Communication instructions
send and receive implement Modbus communication with remote devices. Two addressing modes are supported:
Click addresses (Click-to-Click)
Use a Click address string for remote_start when talking to another Click PLC:
from pyrung.click import ModbusTcpTarget, send, receive
plc = ModbusTcpTarget("plc1", "192.168.1.20")
send(
target=plc,
remote_start="DS1",
source=LocalSetpoint,
sending=CommSending,
success=CommSuccess,
error=CommError,
exception_response=CommEx,
)
receive(
target=plc,
remote_start="DS1",
dest=LocalWords.select(1, 4),
receiving=CommReceiving,
success=CommSuccess,
error=CommError,
exception_response=CommEx,
)
Click handles word swap and character order natively — no configuration needed on the pyrung side.
Raw Modbus addresses (any device)
Use ModbusAddress for remote_start when talking to non-Click Modbus devices (VFDs, meters, sensors, etc.):
from pyrung import ModbusAddress, ModbusTcpTarget, ModbusRtuTarget, RegisterType, send, receive
vfd = ModbusTcpTarget("vfd", "192.168.1.50")
send(
target=vfd,
remote_start=ModbusAddress(400001),
source=SpeedSetpoint,
sending=VfdSending,
success=VfdSuccess,
error=VfdError,
exception_response=VfdEx,
)
meter = ModbusRtuTarget("meter", "/dev/ttyUSB0", device_id=3, baudrate=19200)
receive(
target=meter,
remote_start=ModbusAddress(300001),
dest=MeterReading,
receiving=MeterReceiving,
success=MeterSuccess,
error=MeterError,
exception_response=MeterEx,
word_swap=True,
)
ModbusAddress accepts MODBUS 984 addresses (e.g. 400001 for holding, 300001 for input, 100001 for discrete input) or hex strings with an h suffix (e.g. "0h", "FFFEh"). For 984 addresses, the register type is inferred from the prefix. Hex addresses need an explicit RegisterType since the offset alone is ambiguous.

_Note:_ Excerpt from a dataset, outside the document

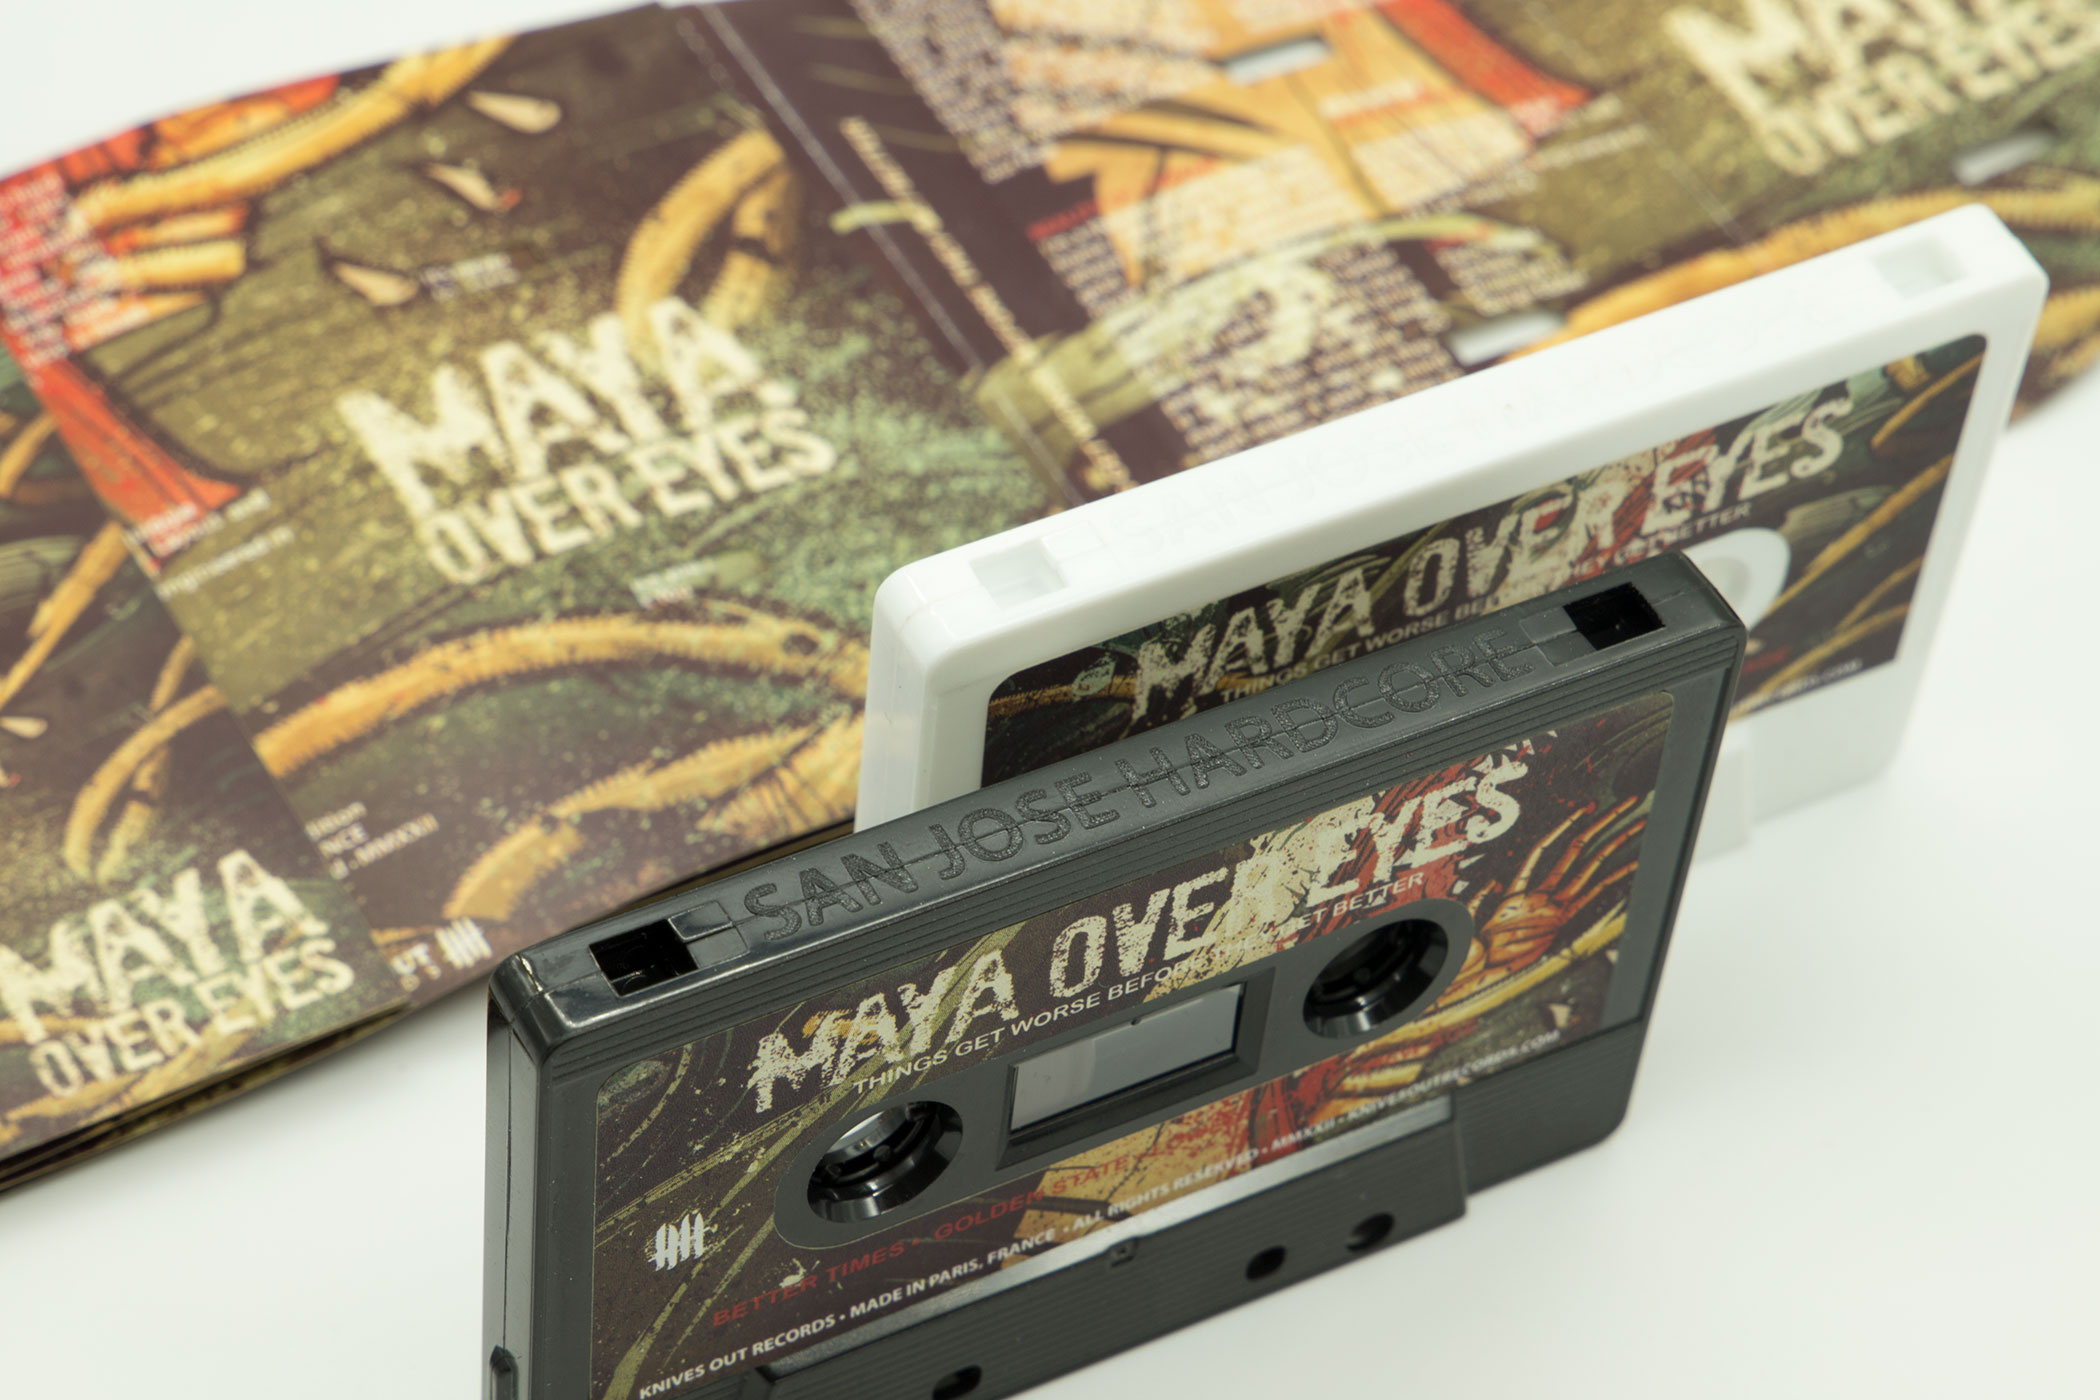 MAYA OVER EYES “Things Get Worse Before They Get Better” Etched Cassette Tape

word_swap controls how 32-bit values (DINT, REAL) are packed across register pairs. False (default) = high word first, True = low word first. Only relevant for 32-bit Click types (DD, DF, etc.).

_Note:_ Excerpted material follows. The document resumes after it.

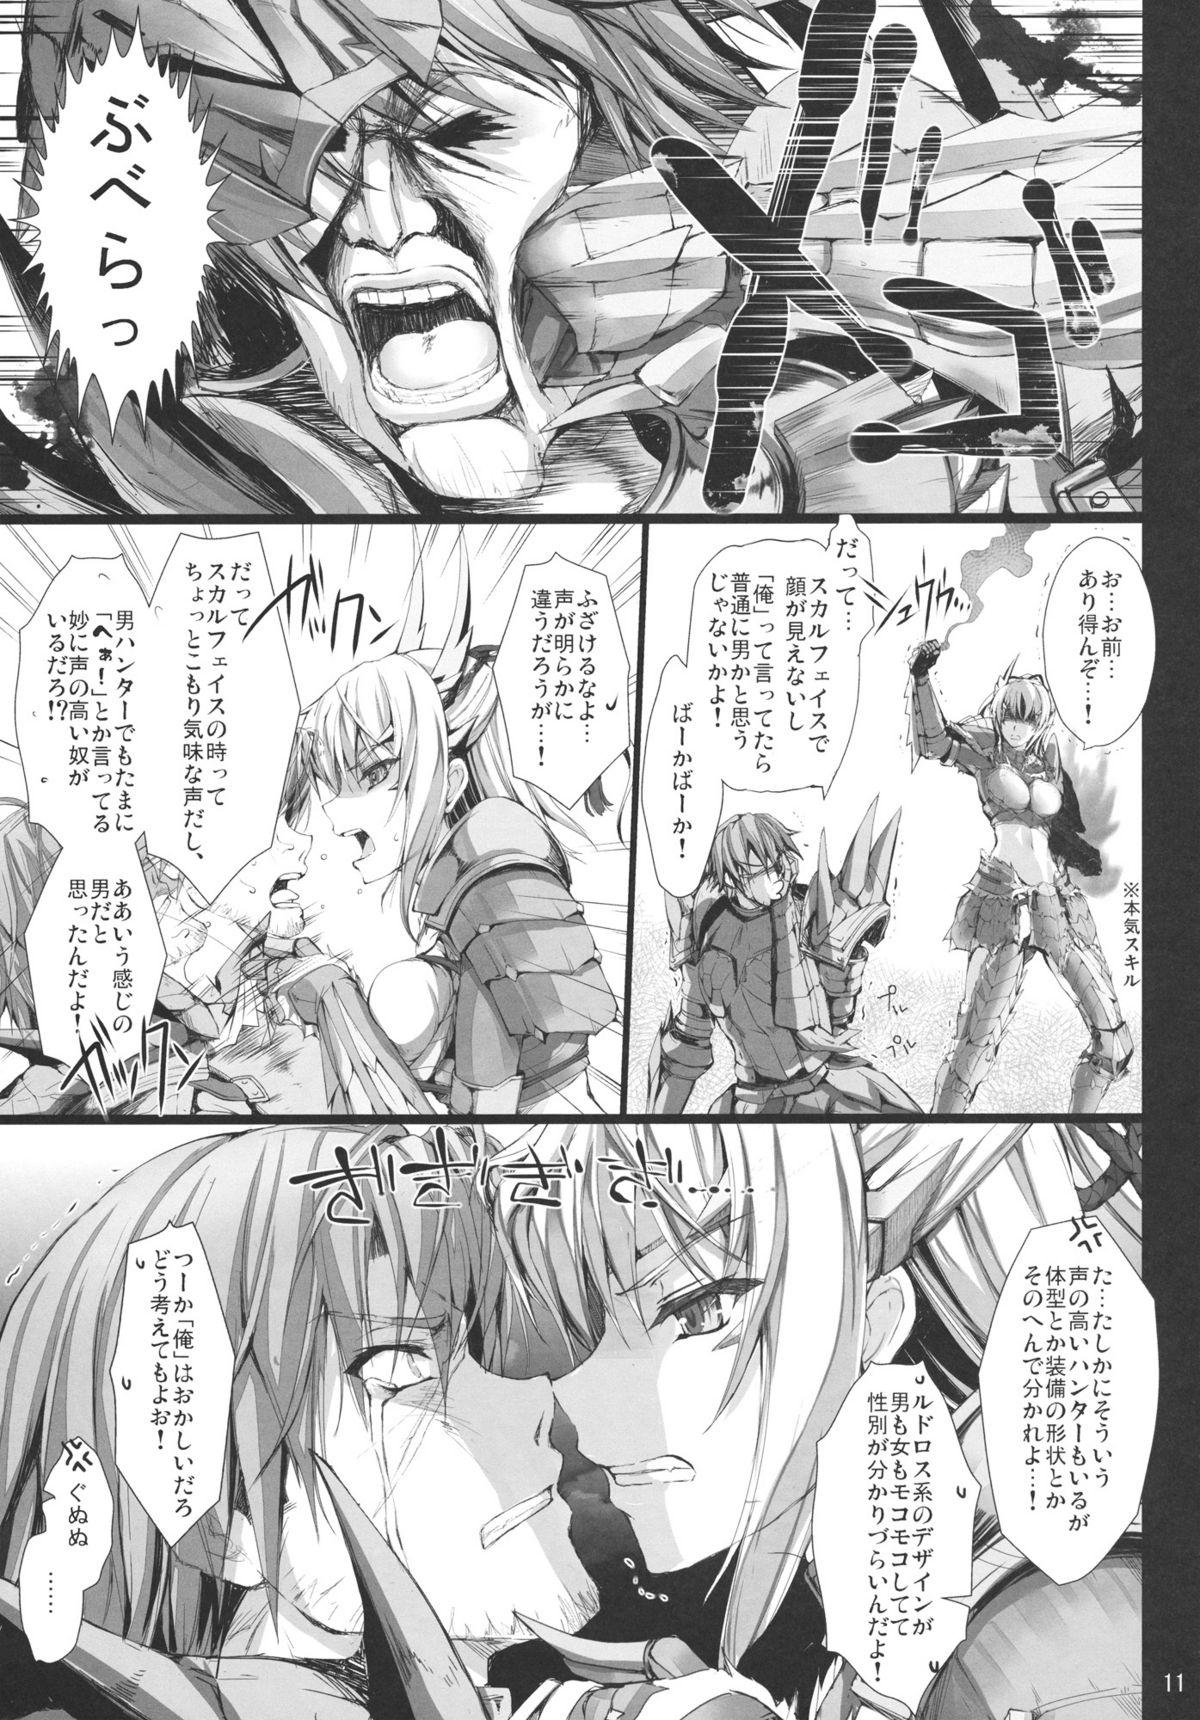 Hot Blow Jobs Monhan no Erohon 11 - Monster hunter Leaked - Page 10

RegisterType selects the Modbus function code: HOLDING (FC 3/6/16, default), INPUT (FC 4, read-only), COIL (FC 1/5/15), DISCRETE_INPUT (FC 2, read-only). Sending to INPUT or DISCRETE_INPUT raises ValueError.
Target types
| Type | Transport | Live I/O | Codegen |
|---|---|---|---|
ModbusTcpTarget |
Ethernet | Yes (pymodbus for raw, pyclickplc for Click addresses) | Yes |
ModbusRtuTarget |
Serial | Yes (pymodbus) | Not yet |
str (name only) |
— | No (inert) | Yes (resolved via ModbusClientConfig) |
When target is a ModbusTcpTarget or ModbusRtuTarget, communication runs asynchronously in a background worker pool — the scan loop stays synchronous. When target is a plain string, the instruction is inert during simulation and exists only for CircuitPython code generation.